» **THE TASK**
Using the data that follows, output only the lines from the line with "Stainless Kitchen Shears" up to and including the line with "a tractive GPS", exactly, leaving pictures aside.

» **EXTRACTED ENTRIES**
◇ ◇ ◇ ◇ ◇ ◇ ◇

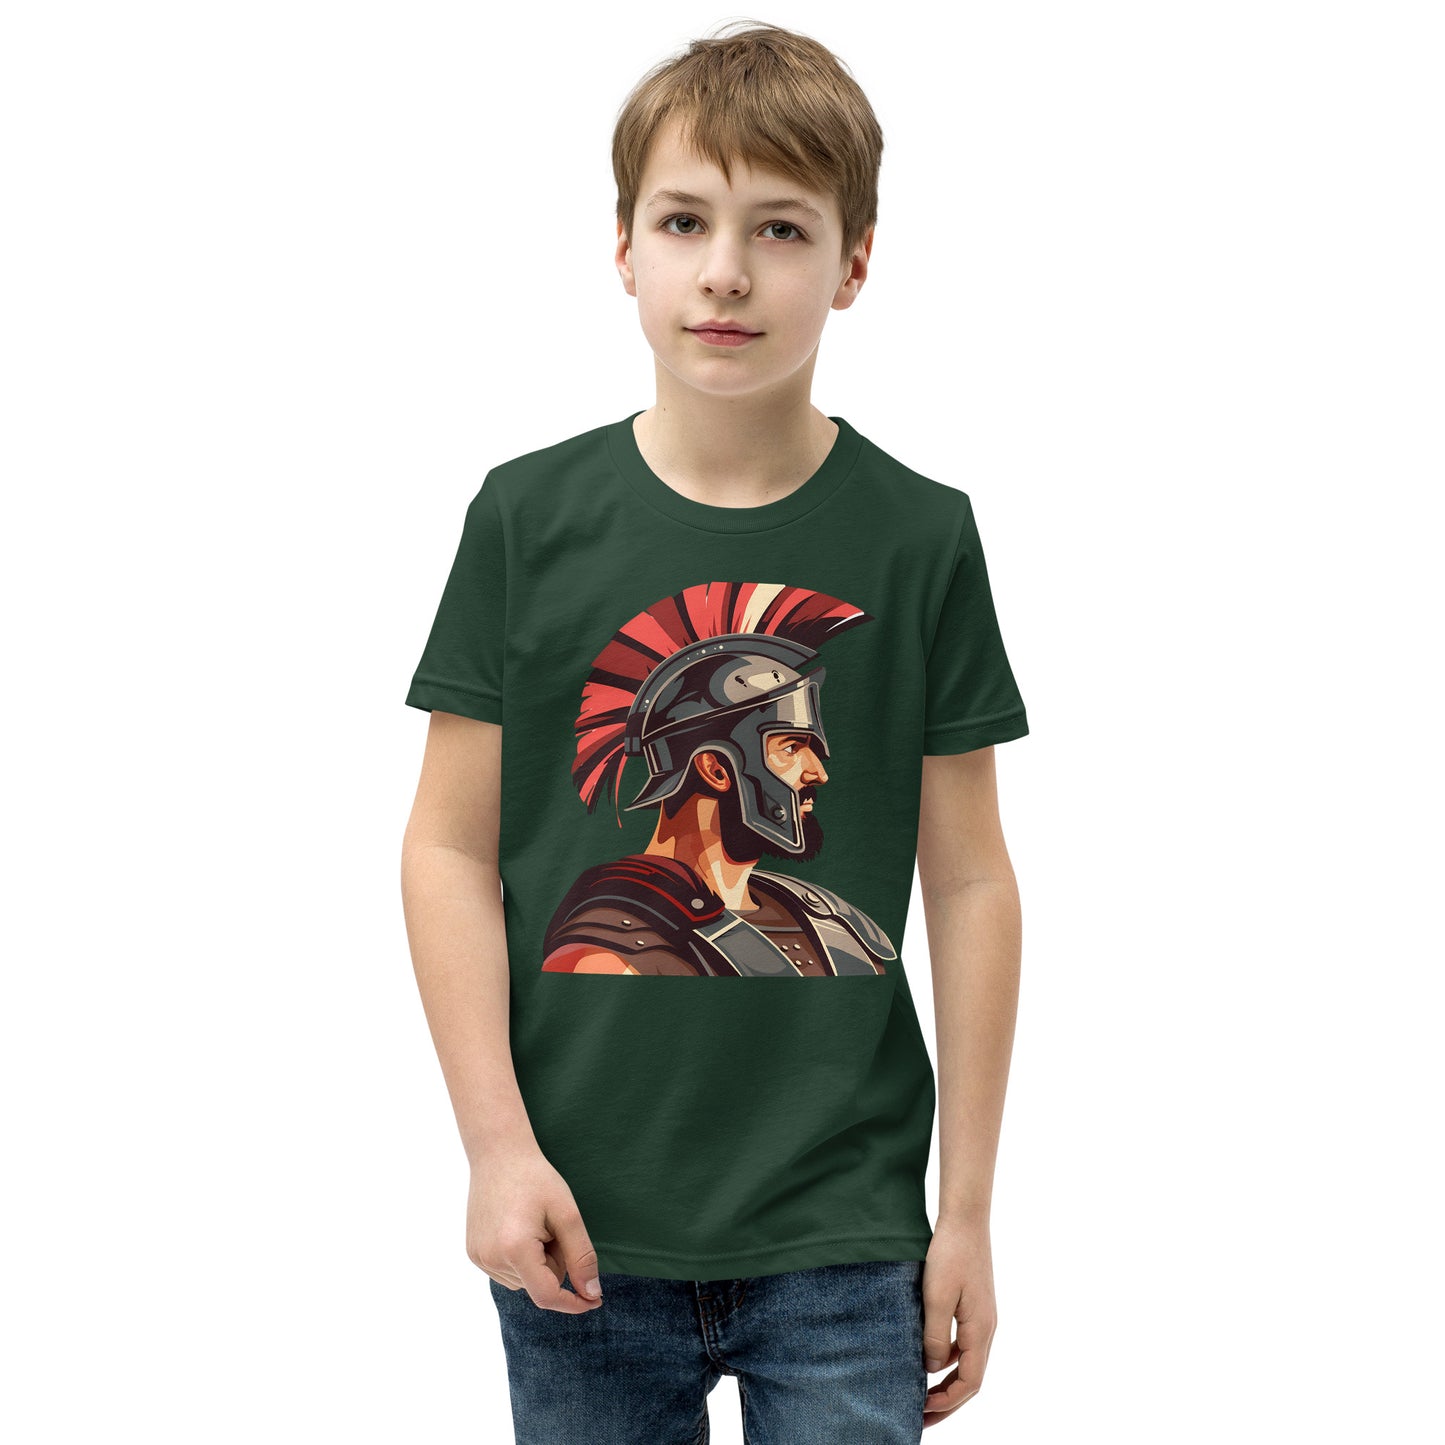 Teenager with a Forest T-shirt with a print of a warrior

◇ ◇ ◇ ◇ ◇ ◇ ◇

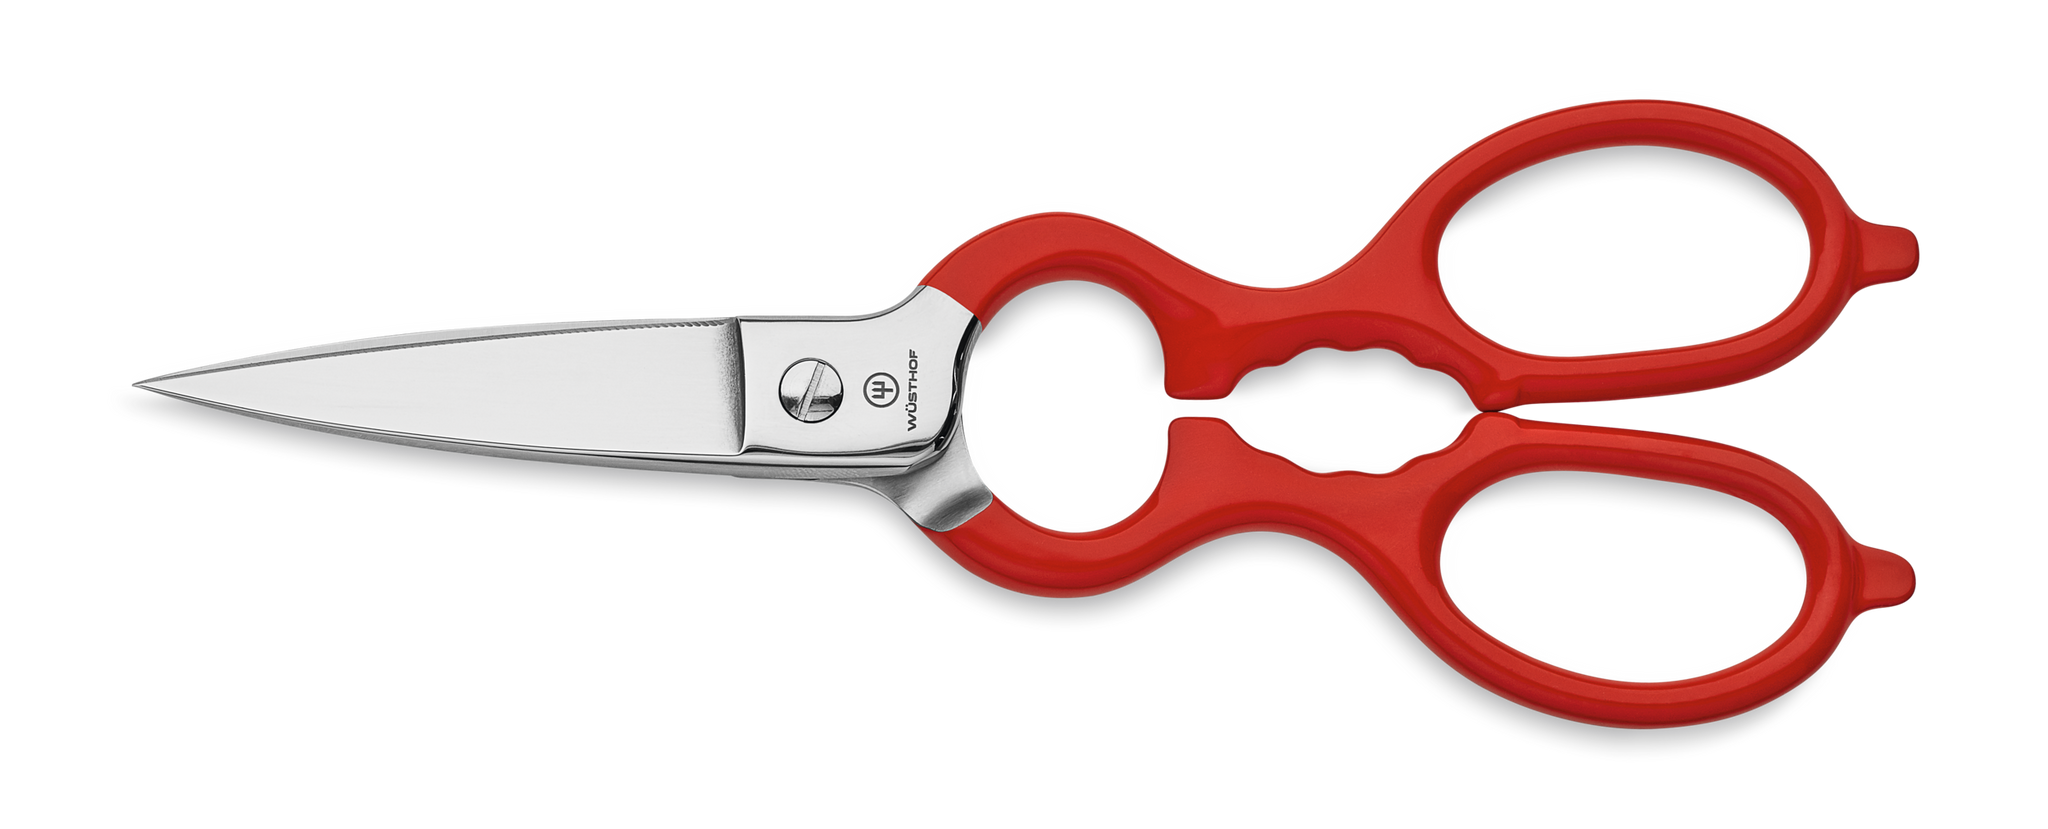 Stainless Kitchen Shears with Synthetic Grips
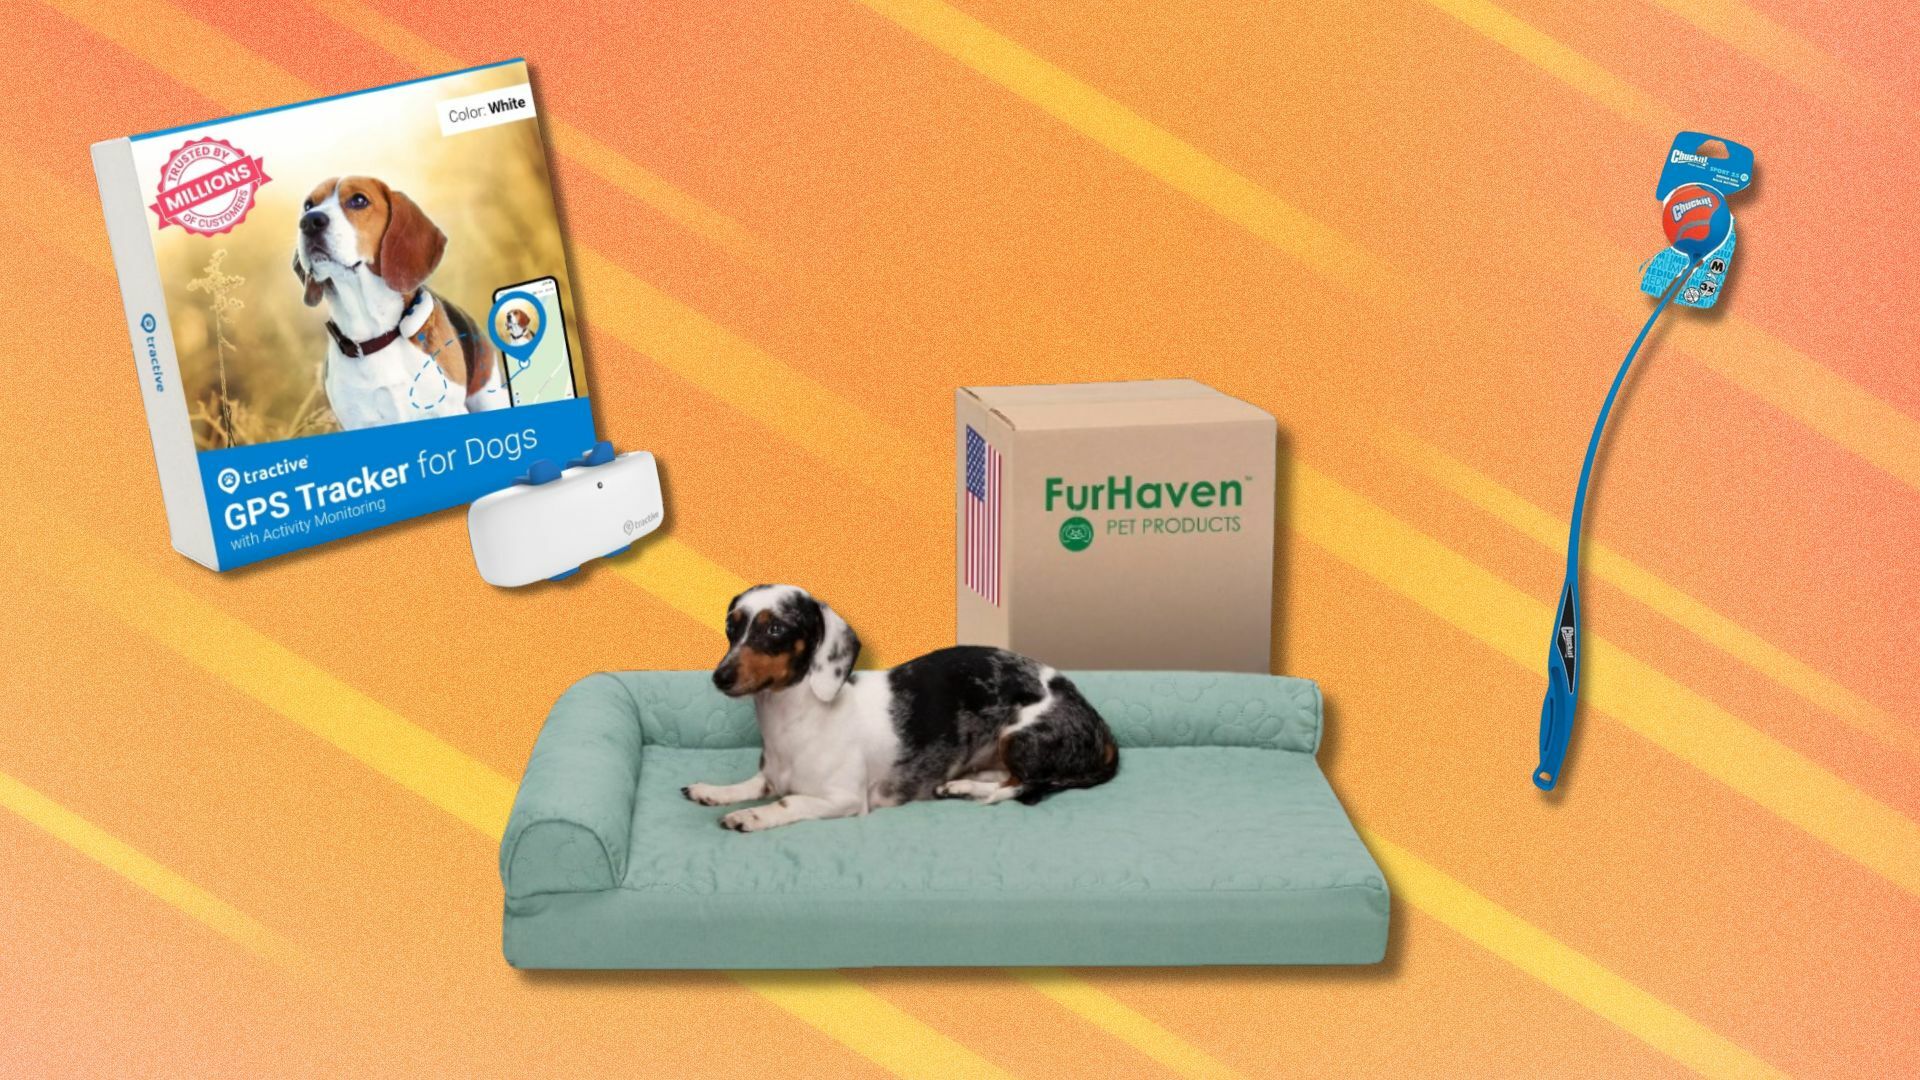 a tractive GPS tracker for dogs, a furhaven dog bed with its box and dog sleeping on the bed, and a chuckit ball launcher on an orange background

◇ ◇ ◇ ◇ ◇ ◇ ◇

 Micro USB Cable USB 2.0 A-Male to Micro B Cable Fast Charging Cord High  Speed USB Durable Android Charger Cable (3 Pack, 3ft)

◇ ◇ ◇ ◇ ◇ ◇ ◇

» **ANSWER TO THE PROBLEM**
 Stainless Kitchen Shears with Synthetic Grips
 a tractive GPS tracker for dogs, a furhaven dog bed with its box and dog sleeping on the bed, and a chuckit ball launcher on an orange background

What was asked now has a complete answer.